The covariate effects on time to IBTR are interpreted as follows. The hazard rate of IBTR is 0.588 (i.e., exp(−0.53); 95% CI: [0.522, 0.664]) for every 10-year increase in the covariate age at breast cancer diagnosis. The TR status significantly increases the hazard of IBTR, with an hazard rate of 6.209 (i.e., exp(1.826); 95% CI: [3.127, 12.317]) compared with NP patients. This large difference in hazard between TR and NP statuses is visually identifiable by the Kaplan-Meier curves (Figure 2) and has also been reported previously [28, 29, 42]. Finally, the hazard rate of breast cancer death is 0.763 (i.e., exp(−0.27); 95% CI: [0.677, 0.861]) for every 10-year increase in age at breast cancer diagnosis. The hazard rate of breast cancer death is 2.968 (i.e., exp(1.088); 95% CI: [2.217, 3.975]) for the patients with higher tumor stage as compared with the ones with lower tumor stage. For model association, note that γ̂ is significantly larger than zero (mean: 0.532, p < 0.001, 95% CI: [0.249, 0.815]), indicating that patients with larger hazard of breast cancer death tend to have IBTR earlier. The statistical significance of γ̂ also suggests that the time to death is strongly correlated to the time to relapse, which justifies the need of joint modeling.

6 Discussion

This article presents a joint analysis method to model the binomial regression with a single misclassified binary outcome and the correlated time to IBTR, subject to a dependent terminal event and in the absence of a gold standard. The models of time to IBTR and time to the terminal event are linked together via shared random effects. The simulation study shows that when the terminal event is independent of the relapse process, the proposed joint model provides comparable results to the reduced model. However, when there exists a dependent terminal event, the joint model provides accurate estimates of all parameters while the reduced model gives severely biased estimates for the regression parameters for the probability of NP at IBTR, and the two survival times. The analysis of the breast cancer dataset indicates that the target diagnostic test has higher specificity than sensitivity (i.e., more likely to correctly classify TR patients than NP patients).
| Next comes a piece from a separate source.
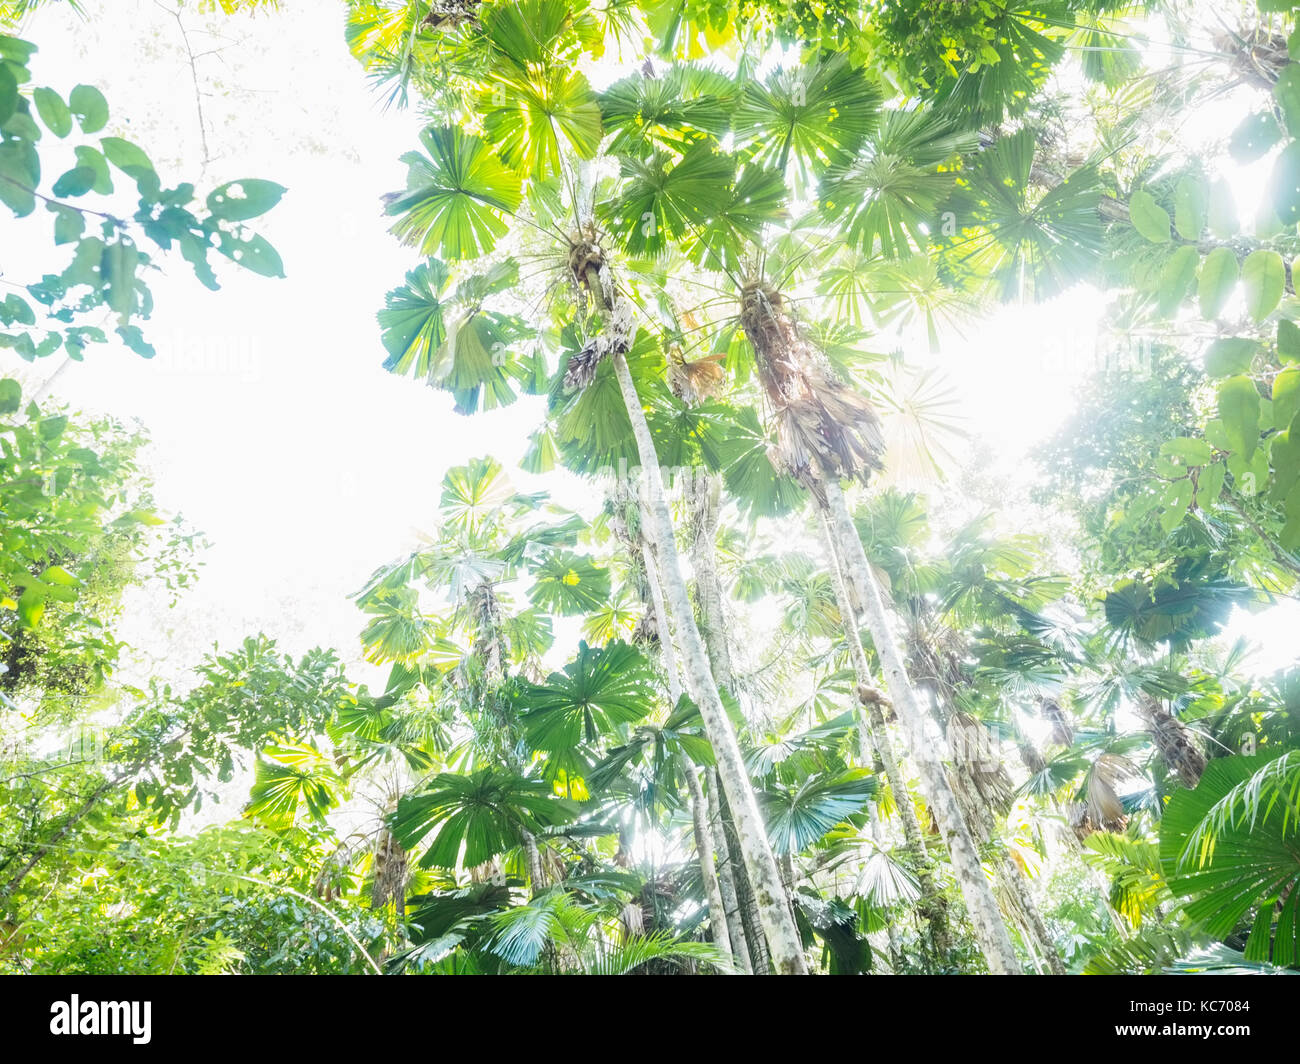 Lush foliage of Licuala grandis (Fan palm) Stock Photo

This is preferable because TR patients tend to have shorter time to IBTR and need more aggressive treatment than NP patients and the misclassification of TR patients into NP is likely to be more costly than vice versa. Further, our analysis results provide useful information in identifying and quantifying the covariate effects on the probability of IBTR status and survival times. From the analysis results, we found that the sensitivity and specificity of the diagnostic test, which uses only clinical and pathological criteria, are low. A more accurate diagnostic test using the molecular criteria should be developed in the future, as pointed out by Huang et al [28]. The proposed method can be broadly applied to many studies with similar data structure consisting of misclassified binary outcome and a dependent terminal event. The proposed joint model can be conveniently fit using adaptive Gaussian quadrature tools implemented in SAS procedure NLMIXED and can be easily accessible to, modified, and extended by applied researchers.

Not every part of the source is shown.